The Earth House / Art and Architecture Associates
Text description provided by the architects. Being the need of the day, a minimalist near net zero living, this is an effort to inspire people to readapt to sustainable living practices influenced by the past….. Essence – The Earth house demonstrates the built environment’s opportunities for addressing the global climate crisis. We have taken a conscientious decision to weave in nature through its effort to construct a net positive home comprised of Rammed Earth along with other natural materials excavated from the site.
Location – Located amidst expansive farmlands, the Earth house aims to blend seamlessly among its habitat and natural environment. The 3000 square foot construction has a building skin, thick with Earth walls that reduce solar heat gain and maintain a temperate 7 to 10 degrees cooler than the outside in the Tropical climate of Gujarat.
Layout – The layout is a simple one of three bedrooms and living space separated on either side with the leisure space of a pool and a Gazebo. The building size is optimum and leaves a minimal footprint on the site area. The sustainable country house also has an inclined roof targeted at capturing maximum solar energy to replenish and produce electricity for the space.
Energy – Along with being an active Sustainable design, the Earth House also adopts passive sustainable strategies such as considering sun orientation and sitting the house to face North for optimum daylight and natural ventilation that reduces energy requirements for the house in the long run.
Landscape – Landscaping choices were native to the area, carefully selecting plants local to the place, which inevitably reduces irrigation needs, adding to the passive energy strategy. This net zero home also surrounds itself with Miyawaki forest, Organic farm and Mango orchard with impressive foliage that shades the roof, reducing solar heat gain inside the building. The Earth house produces its own food, electricity and harvested water from the abundant rainfall.

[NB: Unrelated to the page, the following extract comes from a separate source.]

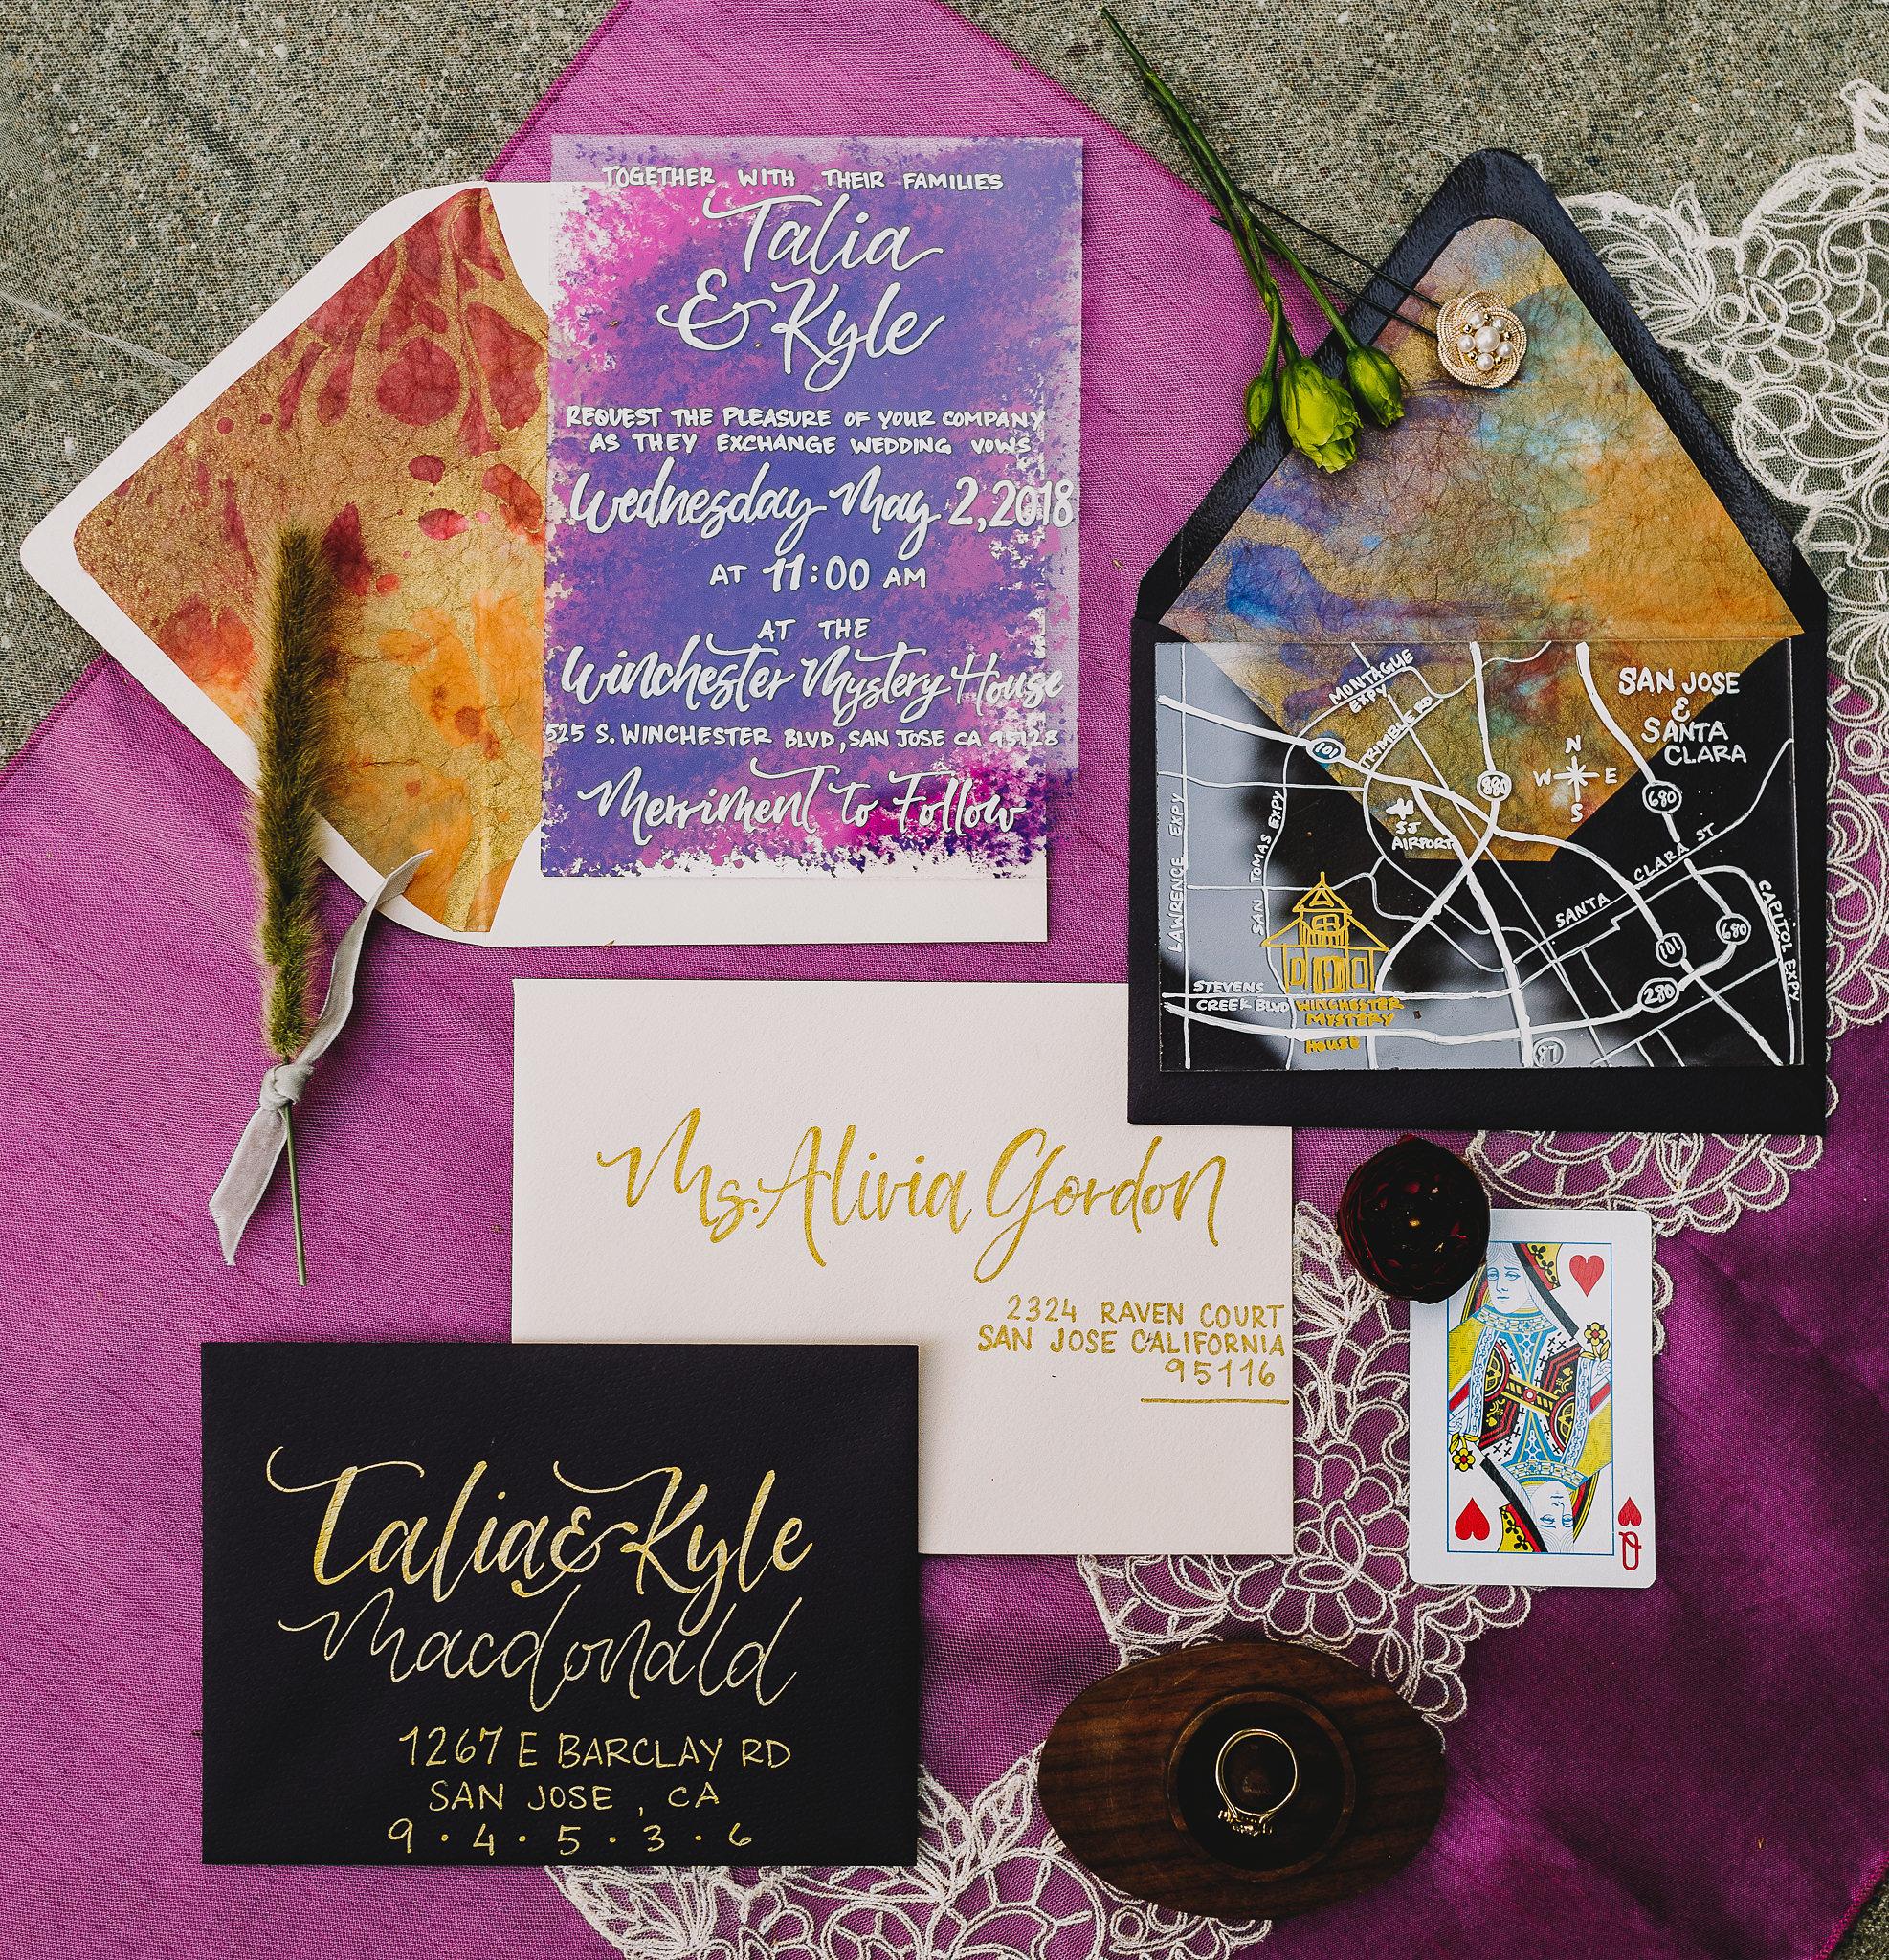 kim baker beauty luxury lifestyle and bridal makeup artist san jose bay area california hailey williams archer inspired
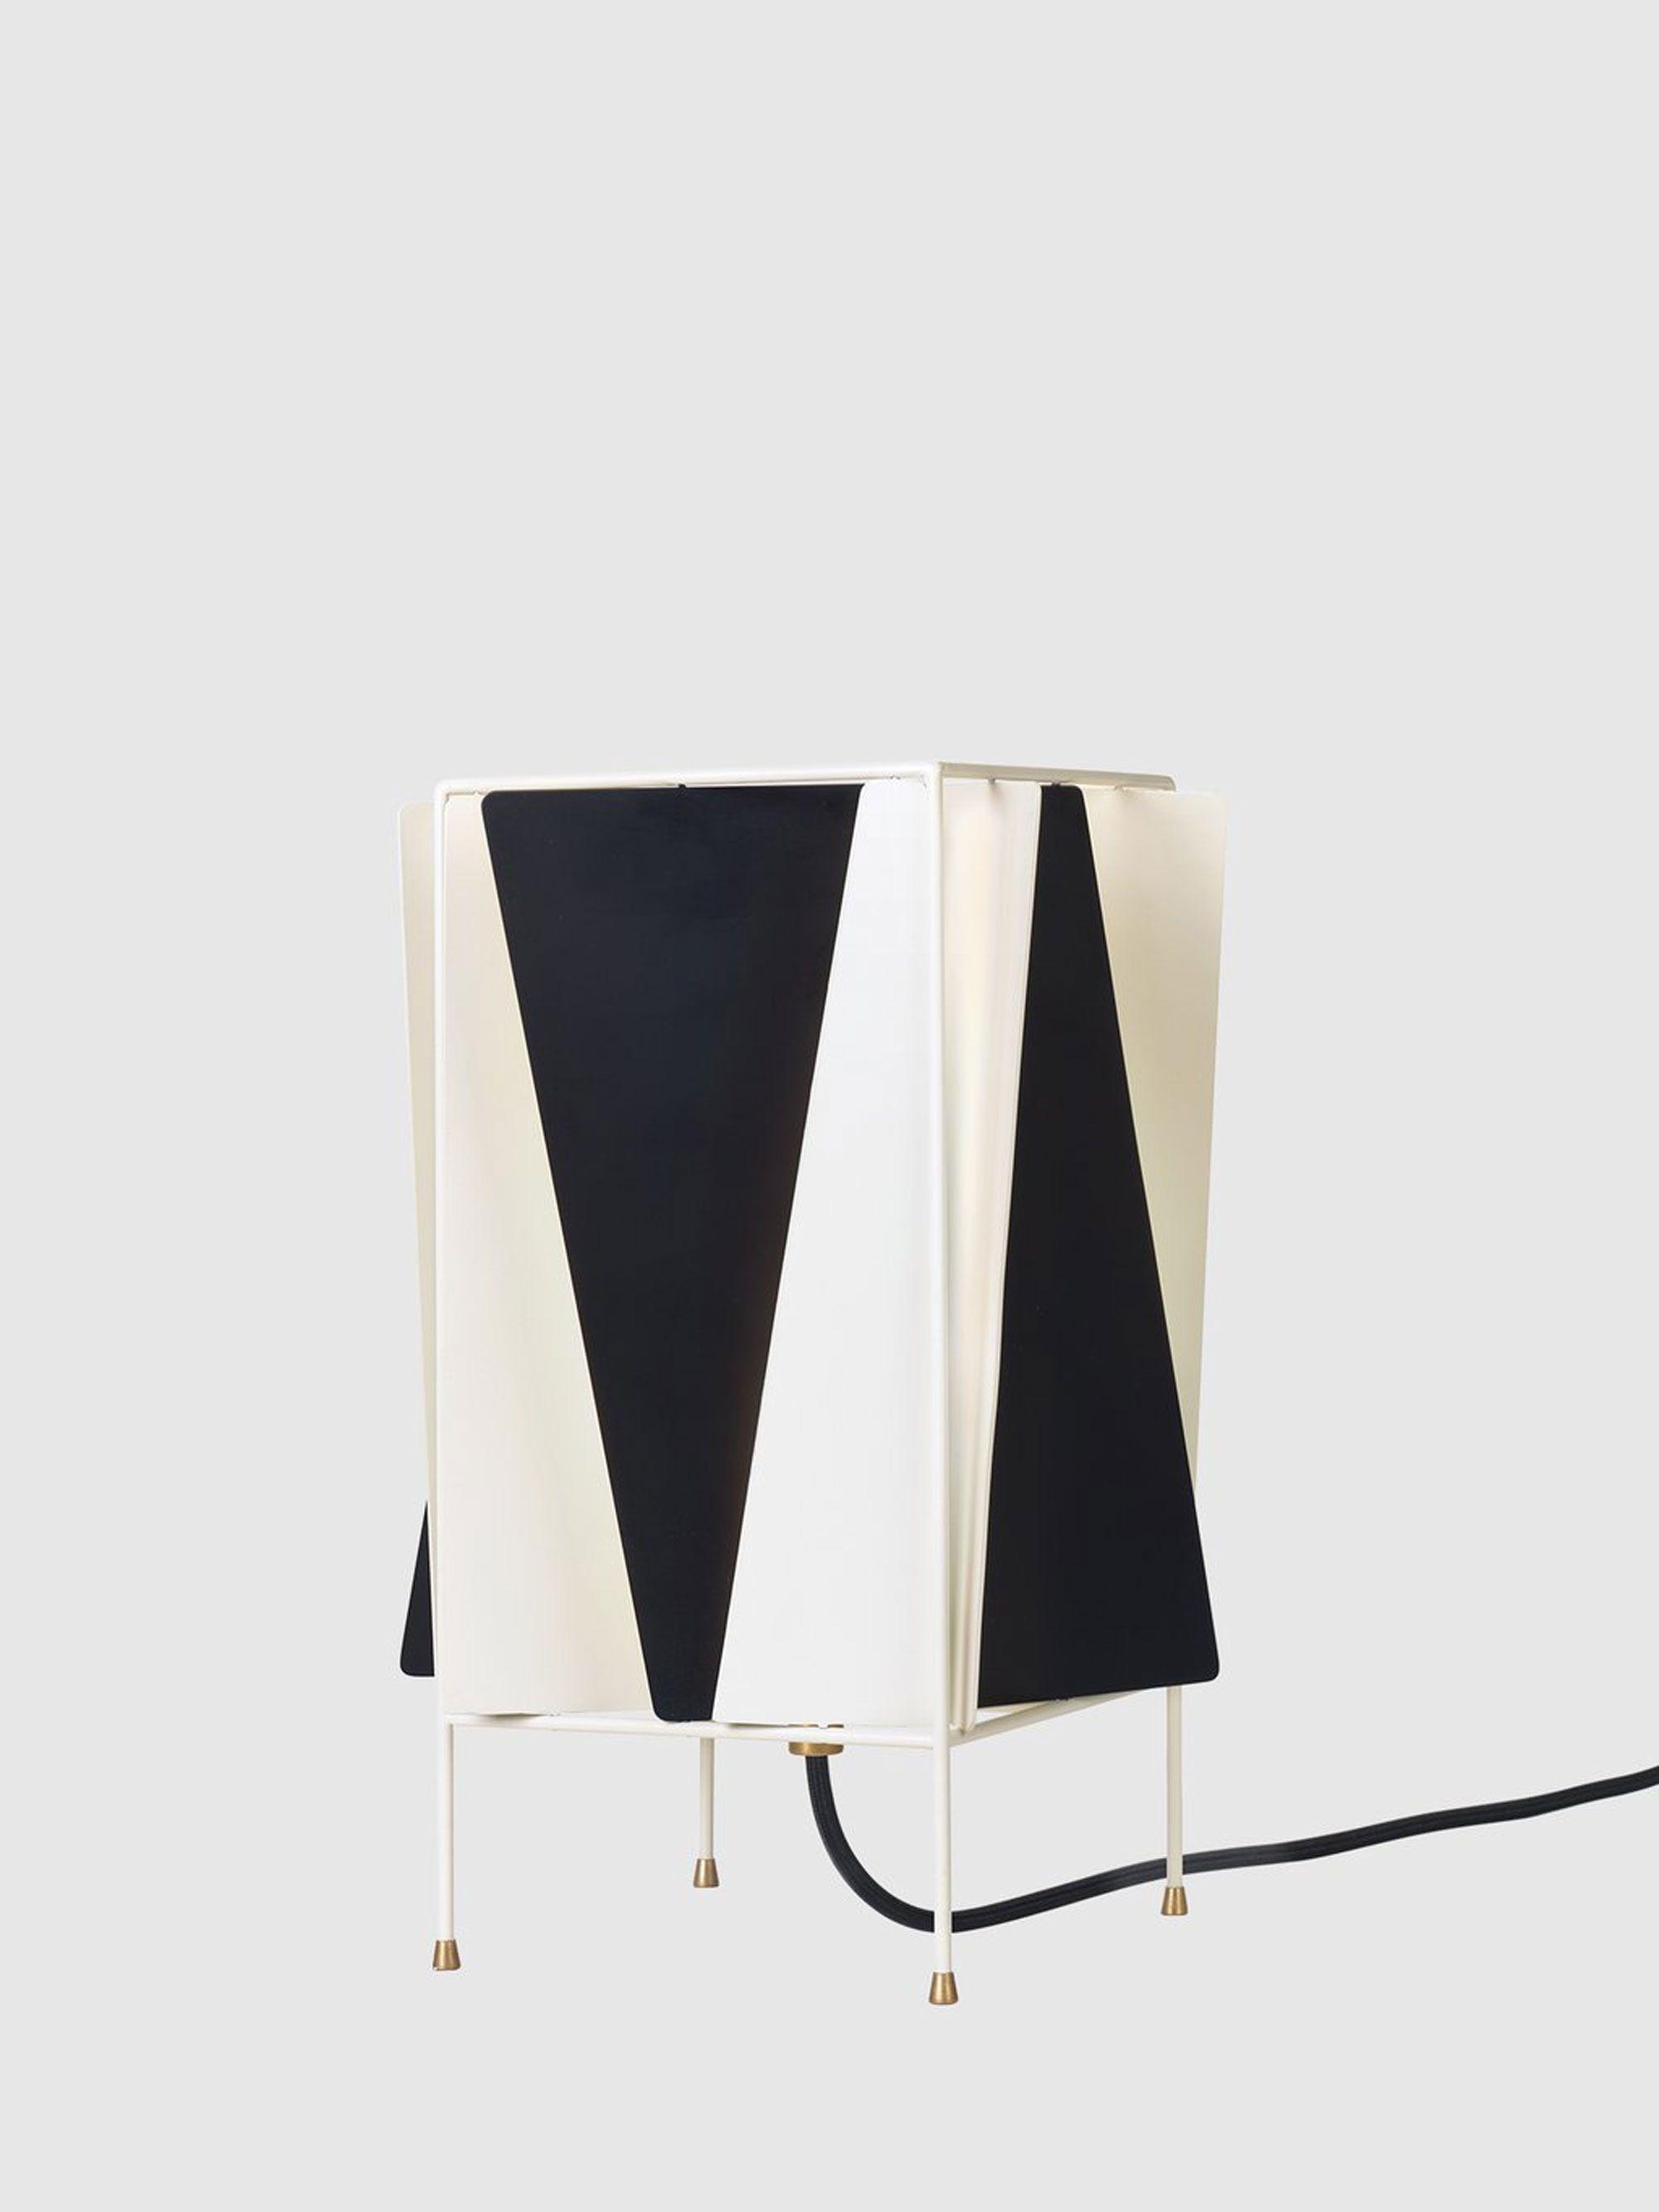 B 4 Table Lamp Black White Black Table Lamps Table Lamp Lamp

Materiality – To up the ante on sustainability, we made sure to purchase all materials for furniture and finishes from companies that use environmentally responsible manufacturing techniques and recycled materials. Rocks in Gabion walls are local rocks readily available that are used to secure the house providing it sufficient privacy as well as be a sculpture in itself.
Sustainability – As climate change takes effect, it becomes more and more vital to concert our efforts toward minimizing our carbon footprint and promote the greening of our cities. A conscious effort to not only balance form with function, but to most importantly be environmentally responsible and sustainable was the crux of this design.